该协议描述了如何通过氨基酸消耗在黑腹果蝇幼虫脂肪体中诱导自噬,以及如何分析突变克隆之间自噬的差异。由于自噬对培养条件下的营养可用性高度敏感,克隆分析是一种分析同一组织中突变细胞与野生型细胞的方法,在解剖自噬缺陷方面具有优势。首先将3只雄性和15只雌性成年果蝇引入带有标准玉米面或糖蜜或琼脂果蝇培养基的培养瓶中,在25摄氏度下进行交配。
在诱导后 48 小时,轻拍交配小瓶,直到苍蝇被击晕并落到小瓶底部的培养基上。拔下交配小瓶的插头,用未插拔的倒置培养瓶用新鲜培养基盖住其嘴。然后翻转并敲击小瓶,将苍蝇转移到新鲜培养瓶中。
塞上新鲜培养瓶并丢弃旧小瓶。将新鲜培养瓶放入25摄氏度的培养箱中,以便在新鲜培养基上产卵。产卵六小时后取出苍蝇,将苍蝇倒入含有75%乙醇的烧瓶中丢弃苍蝇。
将装有胚胎的小瓶在37摄氏度的水浴中孵育一小时,以诱导翻转酶表达。随后,将它们放入25摄氏度的培养箱中,让胚胎继续发育。使用实验室刮刀,在产卵后 75 小时将含有发育幼虫的培养基舀出到培养皿中。

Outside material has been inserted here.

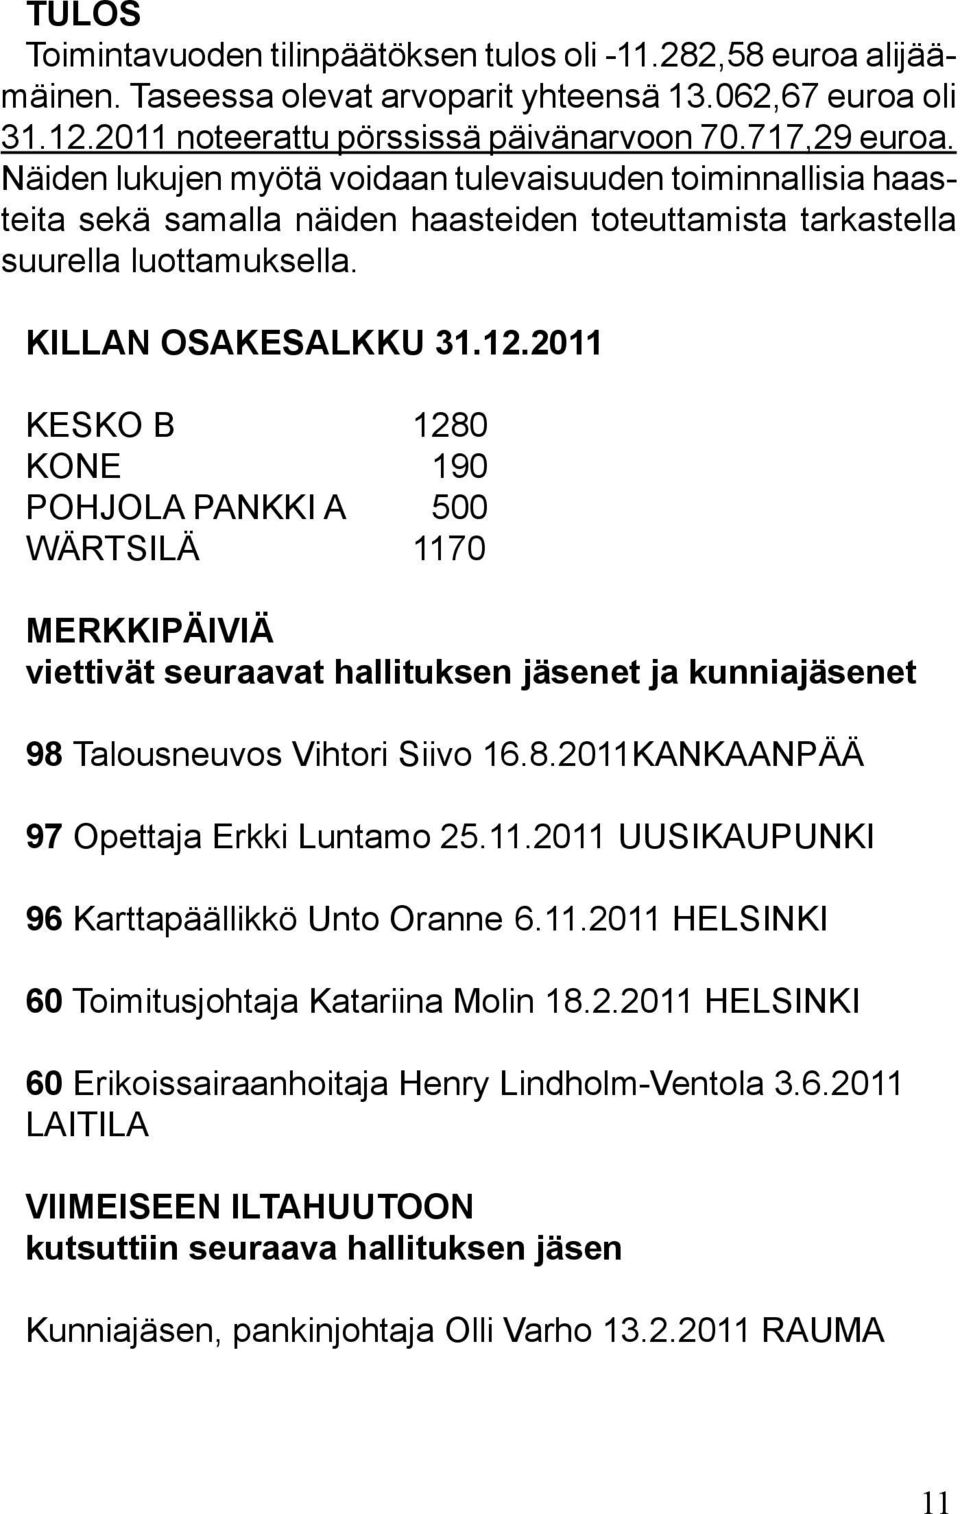 2011 KESKO B 1280 KONE 190 POHJOLA PANKKI A 500 WÄRTSILÄ 1170 MERKKIPÄIVIÄ viettivät seuraavat hallituksen jäsenet ja kunniajäsenet 98 Talousneuvos Vihtori Siivo 16.8.2011KANKAANPÄÄ 97 Opettaja Erkki Luntamo 25.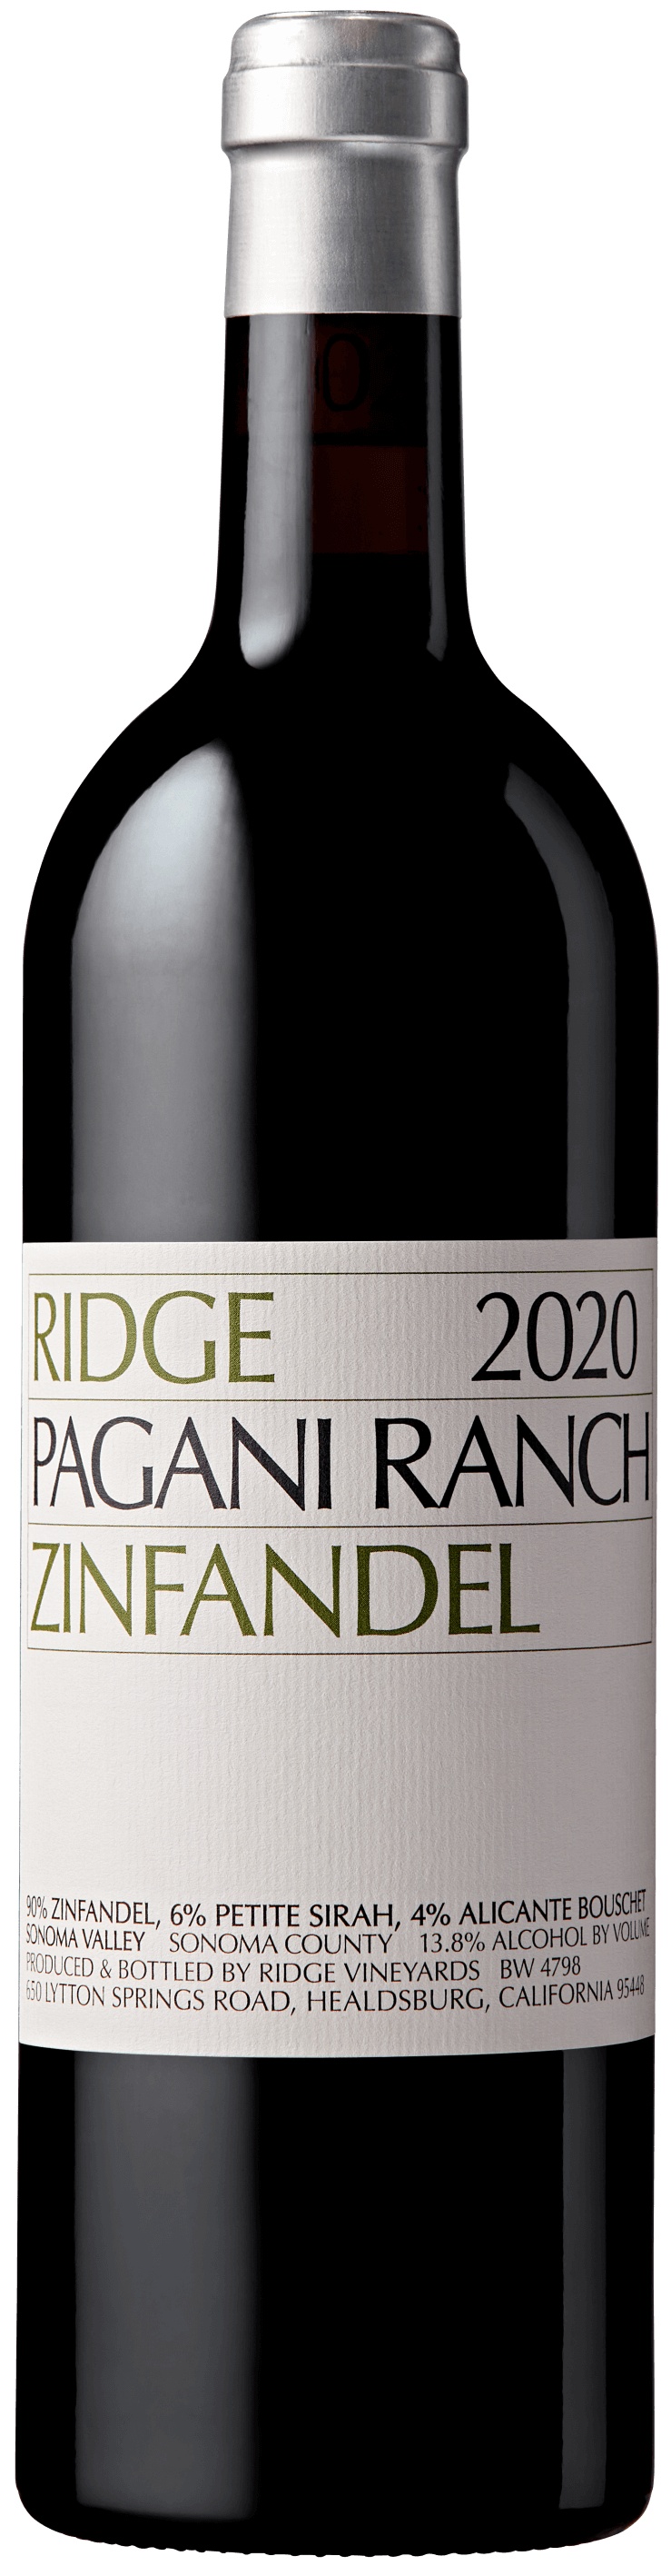 2020 Pagani Ranch Zinfandel

向培养皿中加入1X PBS,并使用长镊子轻轻分离培养基和幼虫。然后选择10至15个早期第三龄幼虫。用 1X PBS 填充九孔玻璃凹陷点板的孔,并使用长镊子将分离的第三龄幼虫放入孔中。
彻底清洗幼虫以去除所有介质残留物。取5毫升20%蔗糖溶液放入空瓶中,用长镊子将干净的第三龄幼虫放入该溶液中。将该小瓶在 25 摄氏度的培养箱中孵育 6 小时,然后收获它们进行解剖。
向九孔玻璃凹陷点板的每个孔中加入1X PBS,并用长镊子将幼虫转移到孔中。将一只幼虫放入孔中,背侧朝上。用幼虫躯干中间的两个5镊子抓住幼虫的角质层,轻轻撕开角质层。
暴露的脂肪体以及其他幼虫内部组织仍将附着在幼虫的尸体上。拉力足以尽可能暴露内脏。对所有幼虫重复此步骤。
将幼虫尸体转移到含有500微升4%PFA的1.5毫升微量离心管中,并在25摄氏度下孵育30分钟而不摇动管。30分钟后,移出PFA溶液。将500微升1X PBS加入管中。
在平旋器上轻轻摇动试管10分钟,然后丢弃1X PBS溶液。重复此操作三次。使用长镊子,将固定和洗涤的幼虫尸体转移到充满1X PBS的九个凹陷点板中的孔中。
用5个镊子去除所有非脂肪身体组织。最后,使用80%甘油作为安装介质将脂肪体的碎片安装在显微镜载玻片上,并在顶部铺上盖玻片。突变体一和突变体二是X染色体上的两个独立的致命突变体,同质化的黄白色FRT 19A苍蝇在这里作为对照。
在对照、突变一或突变二镶嵌幼虫脂肪体中分析GFP-Atg8a模式,用RFP对突变克隆或对照克隆进行阴性标记。在对照克隆中,GFP-Atg8a Puncta的模式与周围RFP阳性细胞中的模式相似。在突变一突变克隆中,GFP-Atg8a Puncta大大减少。
在突变的两个突变克隆中,GFP-Atg8a Puncta的数量和大小增加。幼虫发育阶段在这里至关重要。开发时间和饥饿持续时间需要根据每个实验室的培养基配方进行修改。
该程序可用于探索选择性自噬。例如,可以通过将荧光蛋白连接到线粒体靶向序列来监测苍蝇脂肪体中的线粒体自噬。